While browsing through the vast array of objects in the Stedelijk Museum’s Applied Arts collection, from fragile-looking ceramic and glass works to expressive fiber sculptures, six things immediately stood out to me: a series of woven tapestries with clumsy images of daily life very much alien among the other objects.
I wondered: What are they? Who made them? How did they end up here?
In 1951, architect Ramses Wissa Wassef together with his wife Sophie Gorgi, founded the educational institution Ramses Wissa Wassef Art Center in the Harrania district of Giza near the eponymous pyramids. Disheartened by the stifling routine education and the general decline of creativity in twentieth-century urban culture, they sought to teach young Egyptian villagers to weave tapestries to prove that creativity is innate and anyone can produce art. Wissa Wassef invited children who were isolated from many aspects of what he saw as “modern civilization” and taught them the craft as creative expression.[1] The tapestries are internationally recognized since the late 1950s.

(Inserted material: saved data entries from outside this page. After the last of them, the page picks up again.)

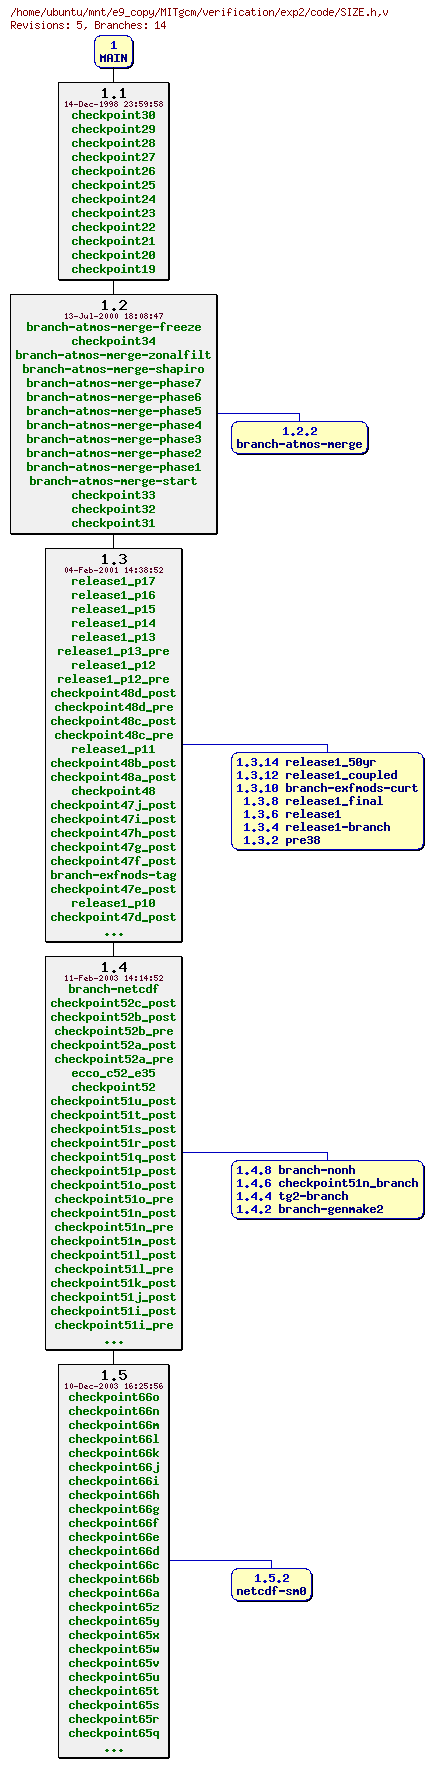 Revisions of MITgcm/verification/exp2/code/SIZE.h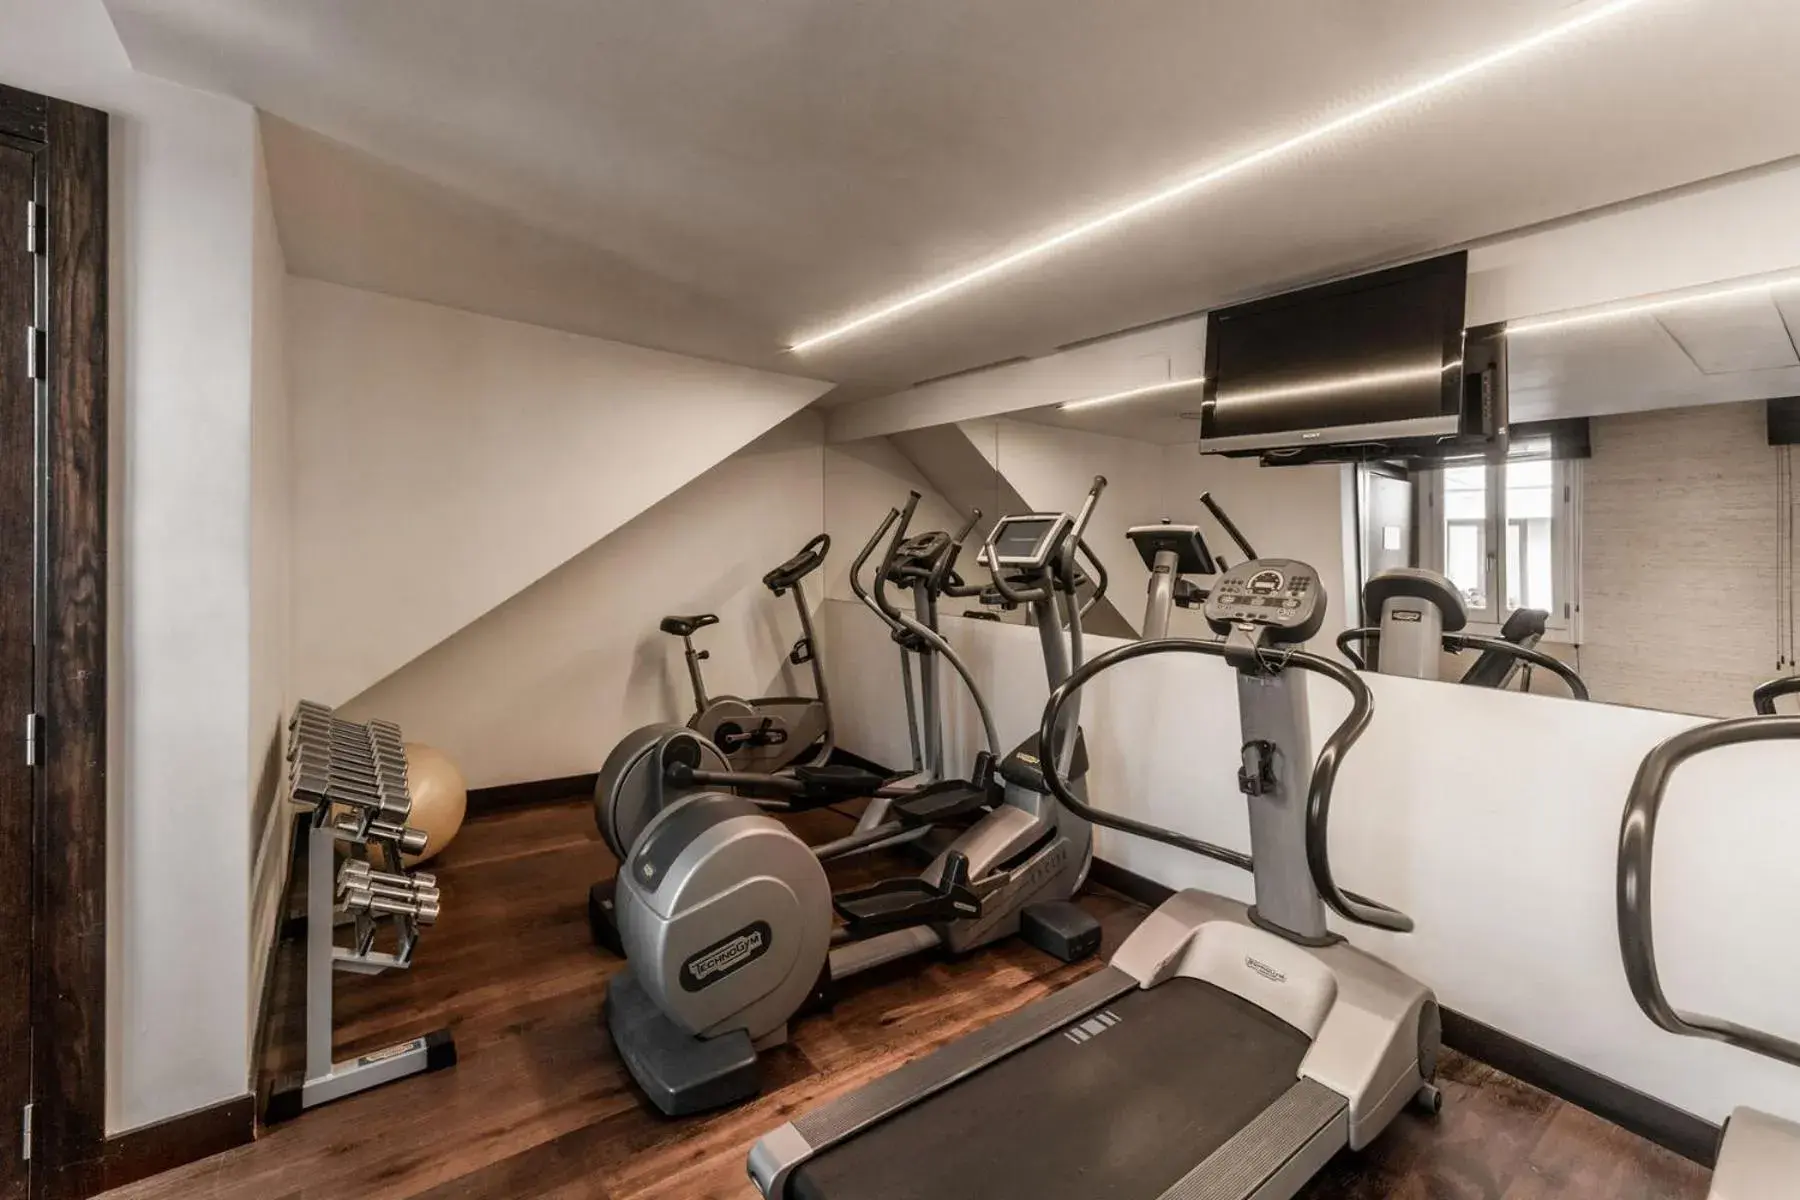 Fitness centre/facilities, Fitness Center/Facilities in Hospes Puerta de Alcalá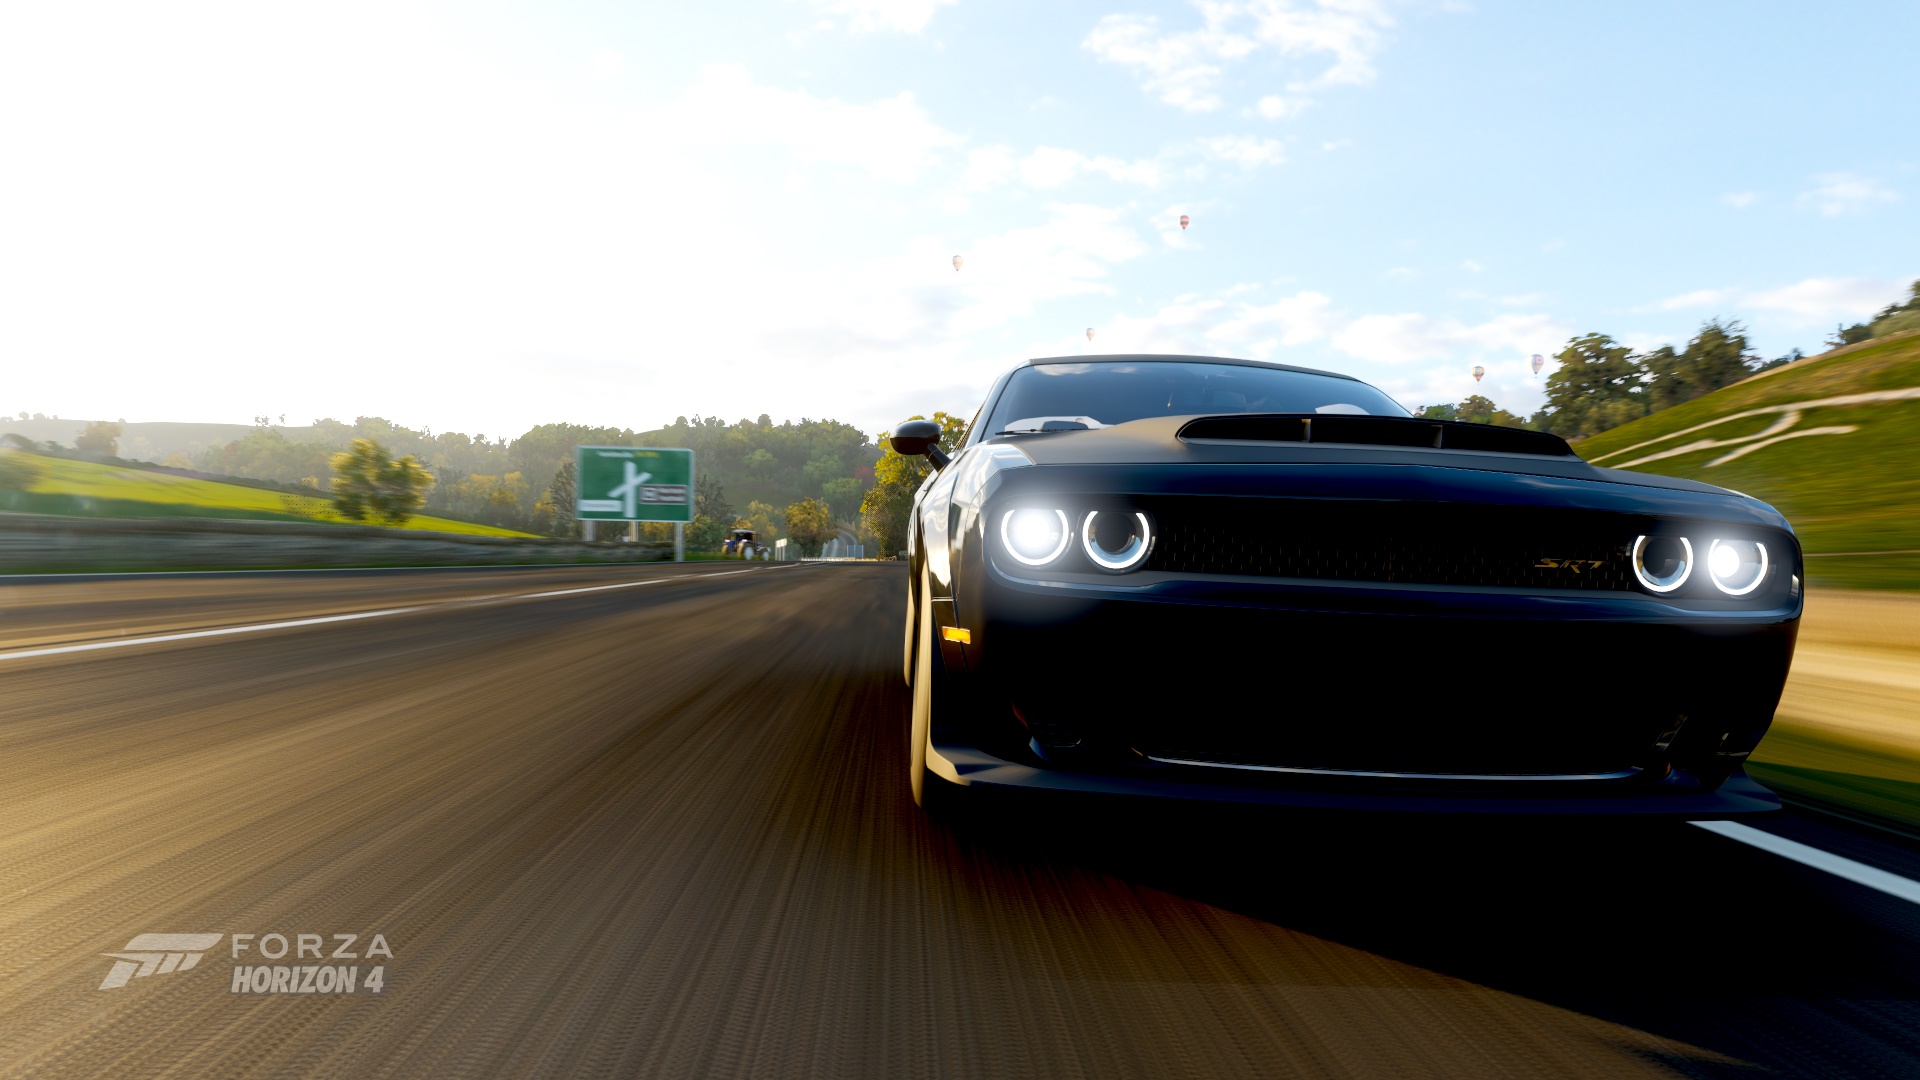 General 1920x1080 Forza Forza Horizon 4 car vehicle sports car race cars video games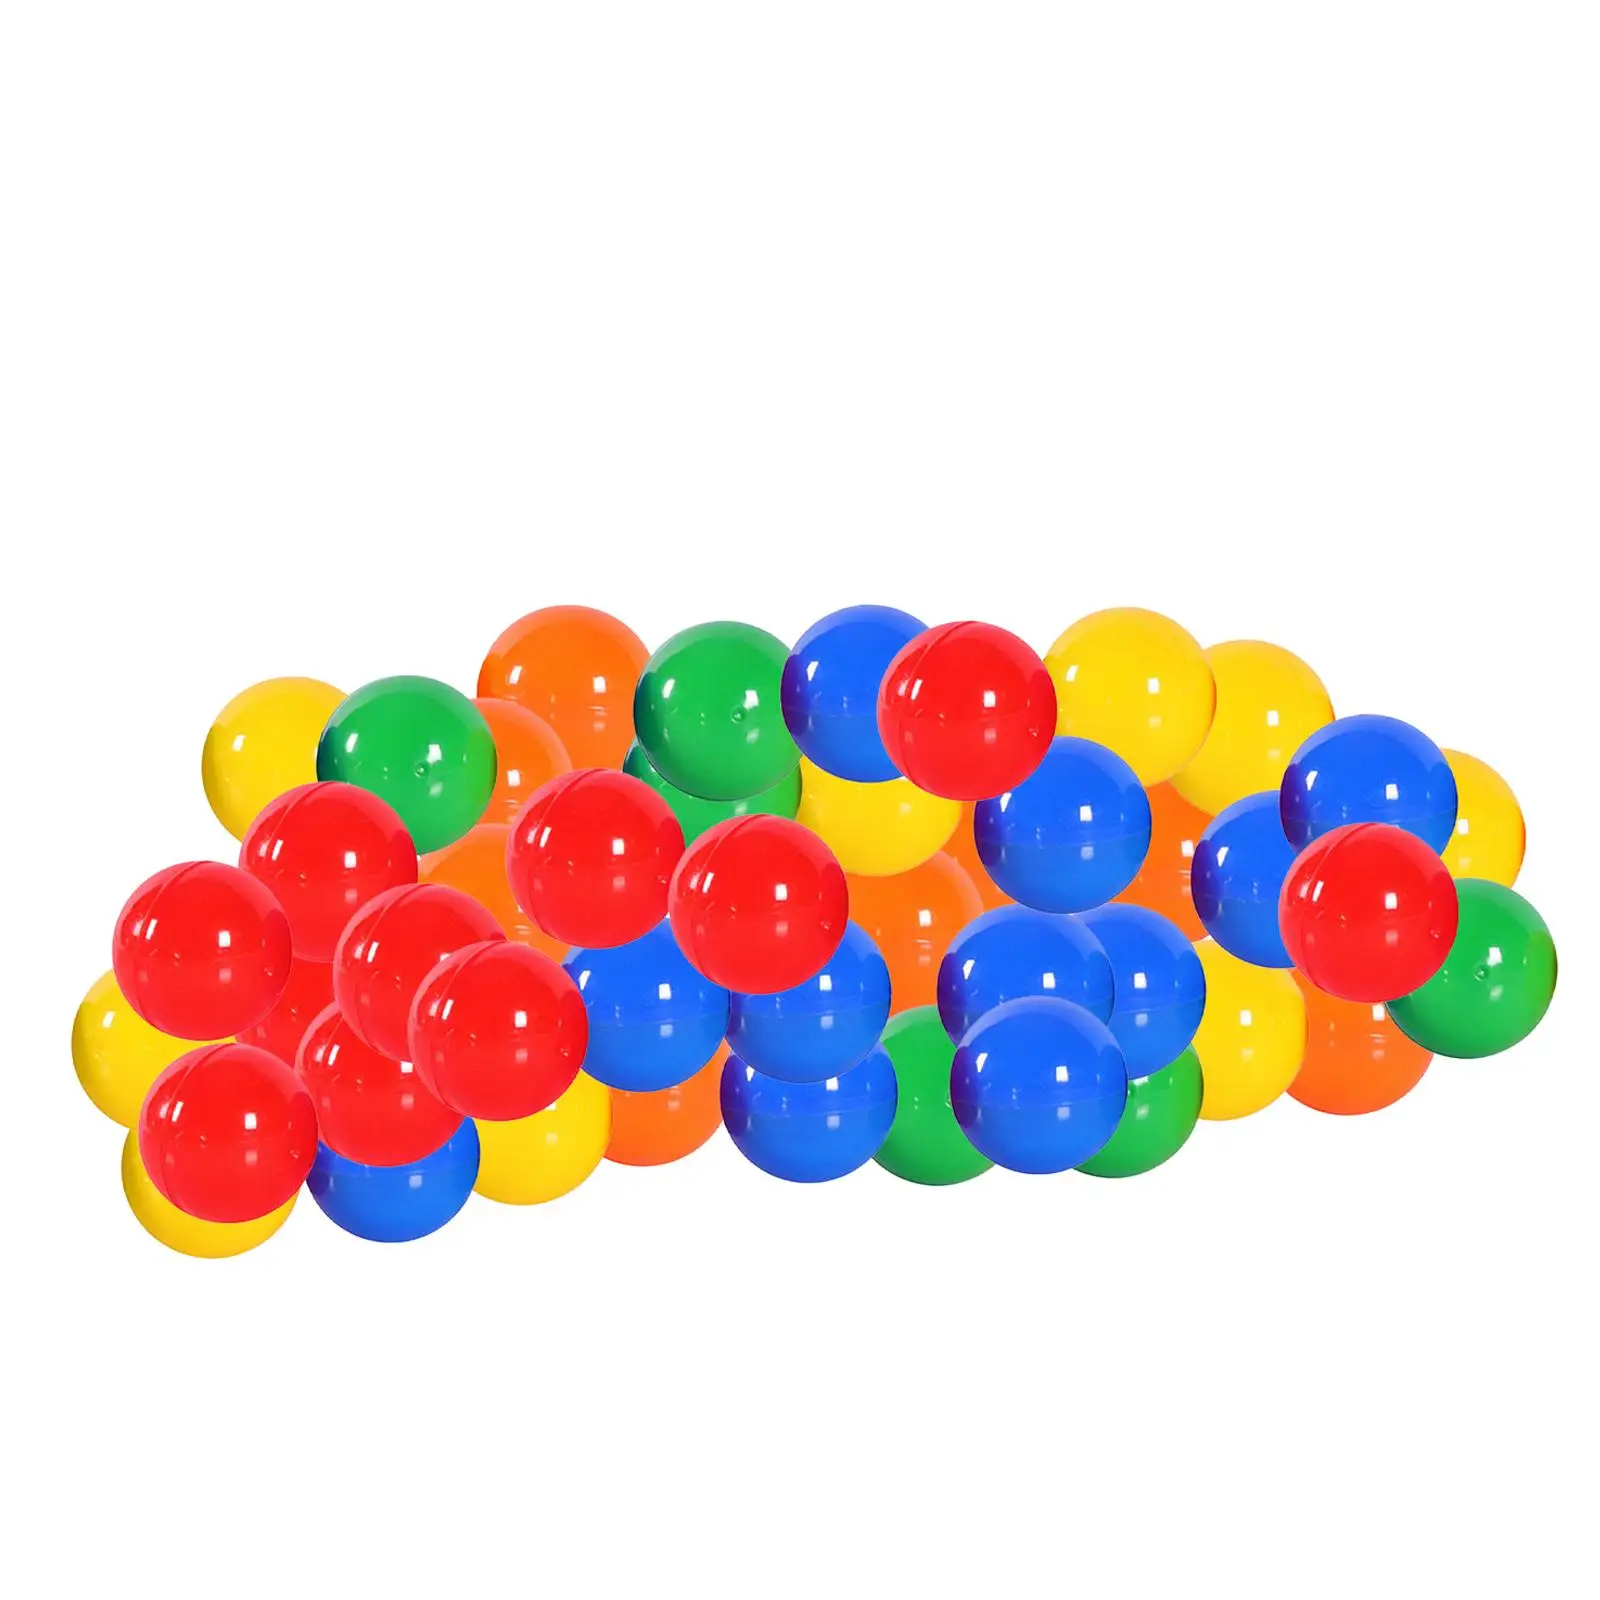 50x Bingo Ball Raffle Balls Portable Replace Accs Tally Ball Lottery Balls for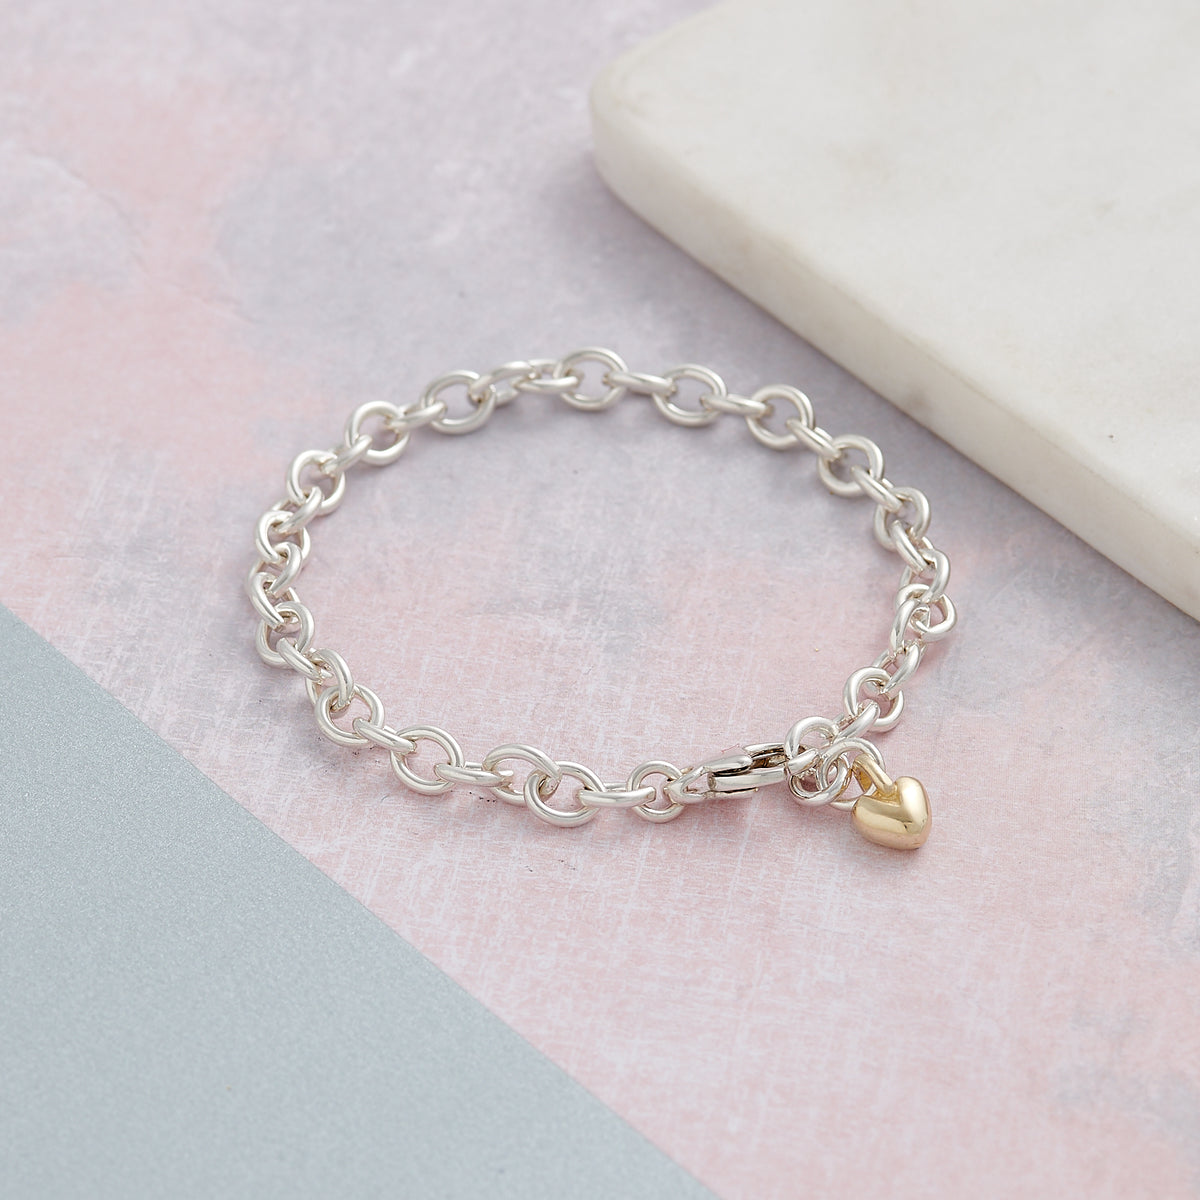 Solid sterling silver and solid gold heart adjustable charm bracelet designer Scarlett Jewellery

Then twelve-year-old Ali Selim who made one of the tapestries held by the Stedelijk collection, still works at the center.
This introduction explores the framing and reframing of these six tapestries, drawing on critical contemporary voices and 1960s thinkers at work when Willem Sandberg acquired the tapestries as then Stedelijk director. Here I explore in brief Sandberg’s vision on free expression, how the children’s works related to his ideology, and where can we place the tapestries today.
Charmed by the philosophy behind the Ramses Wissa Wassef Art Center experiment, Sandberg hosted the exhibition Jong Egypte Weeft (Young Egypt Weaves) in 1961 at the Fodor Museum, showing ninety tapestries woven by children at the center. Sandberg designed the catalogue and acquired six tapestries for the collection made by Rawhia Aly, Garya Mahmoud, Reda Metwalli, and Ali Selim.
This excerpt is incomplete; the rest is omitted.